Both `generate_technosphere_mapping` and `generate_biosphere_mapping` accept the following input arguments:

* source_version (str): String representation of an ecoinvent version, e.g. "3.8"
* target_version (str): String representation of an ecoinvent version, e.g. "3.8"
* ecoinvent_username (str, optional): Ecoinvent account username
* ecoinvent_password (str, optional): Ecoinvent account password
* write_logs (bool, default `True`): Create detailed and high-level logs during mapping file creation
* output_directory (`pathlib.Path`, default is `platformlibs.user_data_dir`): Directory for the result files

The following input parameters should normally be left to their default values:

* project_name (str): The Brightway project name into which we install ecoinvent releases to check change report data validity.
* output_version (str, default is "1.0.0"): [Datapackage version number](https://specs.frictionlessdata.io/data-package/#version)
* licenses (list, default is CC-BY): Licenses following the [frictionless data datapackage standard](https://specs.frictionlessdata.io/data-package/#licenses)
* description (str, default is auto-generated): Description of generated datapackage.

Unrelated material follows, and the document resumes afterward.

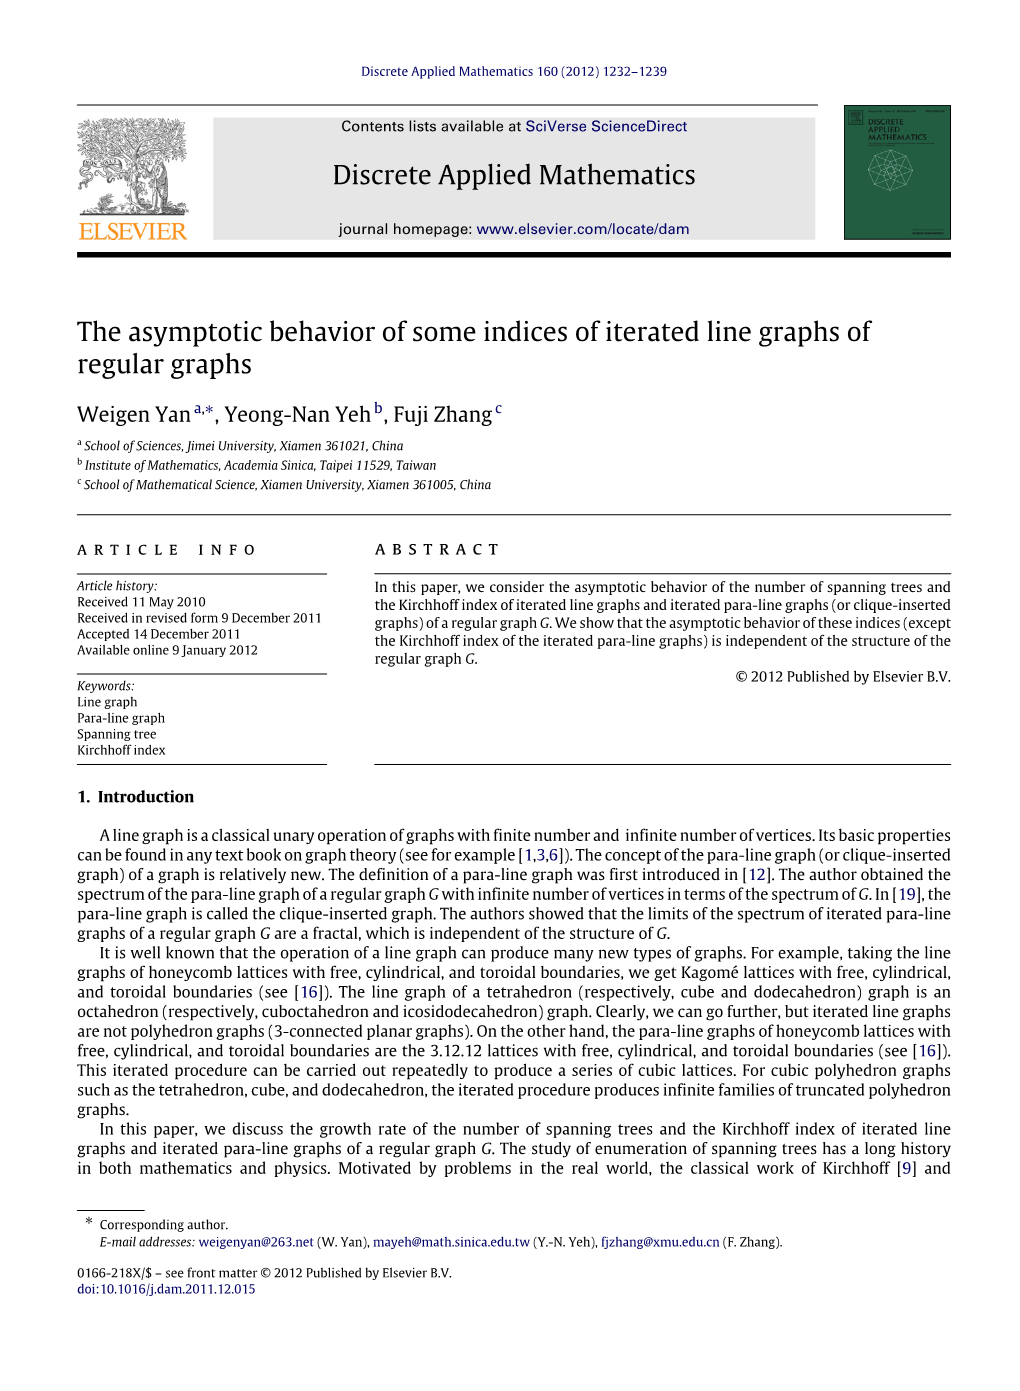 The Asymptotic Behavior of Some Indices of Iterated Line Graphs of Regular Graphs

### How does this library work?

We start by using [ecoinvent_interface](https://github.com/brightway-lca/ecoinvent_interface) to download the change report Excel file, and the two ecoinvent releases (source and target). We need to download the ecoinvent data because the change report is for the unlinked and unallocated "master" data; there are some changes needed for the specific system models.

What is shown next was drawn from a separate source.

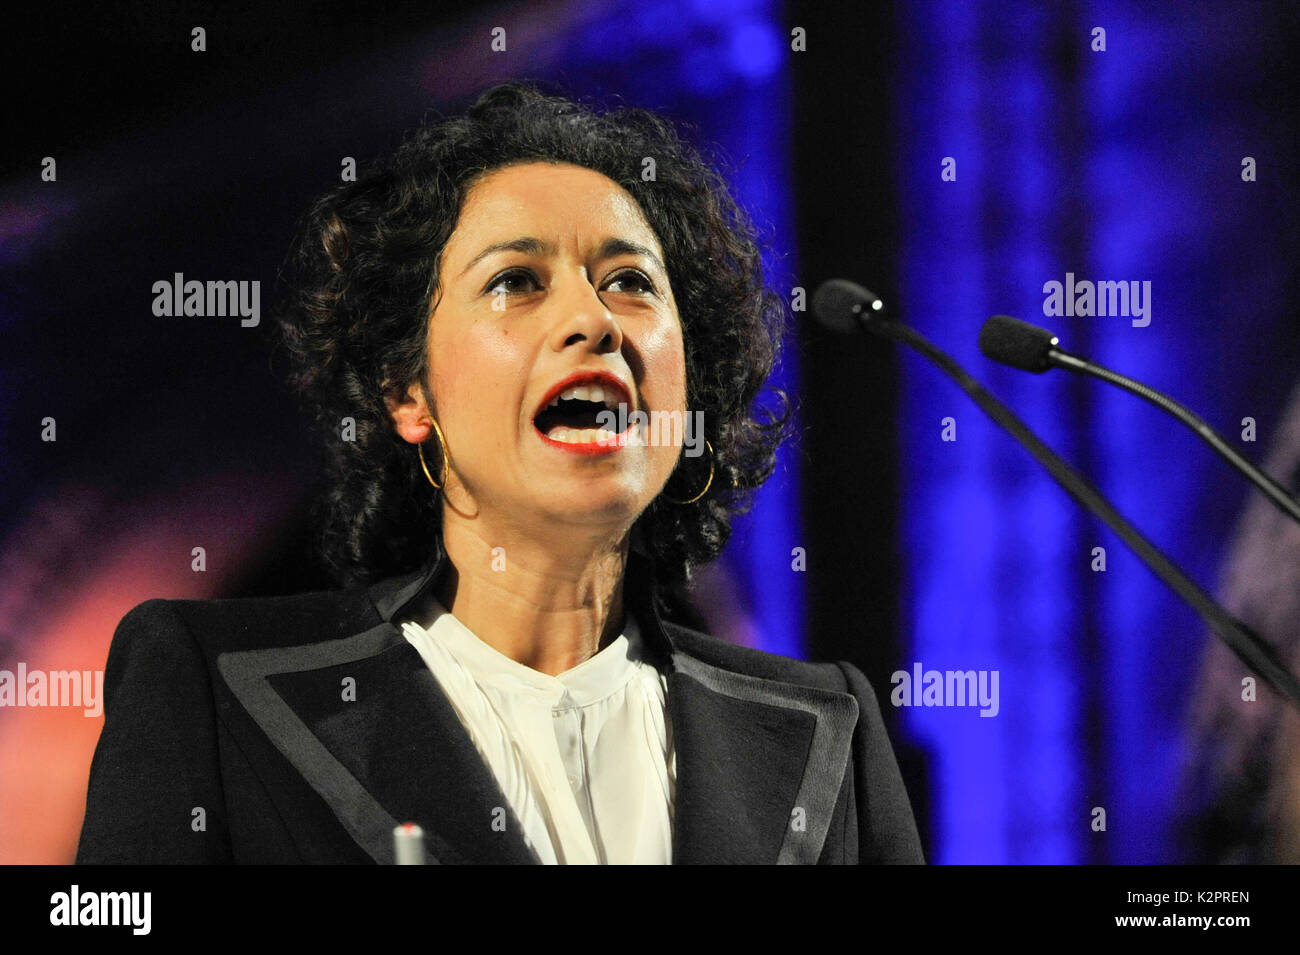 London, UK. 31 August 2017. Samira Ahmed, broadcaster and journalist ...

For biosphere mapping, we read the Excel file, search around for the correct worksheet and column names, and map the data to "replace" and "delete" sections. This is pretty simple.

For technosphere mapping, we need to check if the indicated datasets are actually in `GLO` or in `RoW` (and analogously in `RER` / `RoE`.) We do this by finding the corresponding datasets in the actual database releases. We also need to use the actual data to look up the allocation factors when a single dataset is split into multiple datasets.

Not every line in the change report Excel file can be used, either because of the specifics of the system model, or some other unknown discrepancy. These exceptions are logged to both the log files and `sys.stderr`:

```console
2024-06-14 14:17:38.641 | WARNING  | ecoinvent_migrate.wrangling:resolve_glo_row_rer_roe:219 -
    Target process given in change report but missing in ecoinvent-3.8-cutoff lookup:
    {'name': 'rutile production, synthetic, 95% titanium dioxide, Benelite process',
     'location': 'GLO',
     'reference product': 'rutile, 95% titanium dioxide', 'unit': 'kg'}
```

We also need to [supplement the change report](https://github.com/brightway-lca/ecoinvent_migrate/blob/main/ecoinvent_migrate/patches.py) with changes in the data not included in the change report. These patches are incomplete, we welcome help in helping create a complete migration set.

Once the given change data is segregated and cleaned, it is serialized to JSON, and manually added to `randonneur_data`.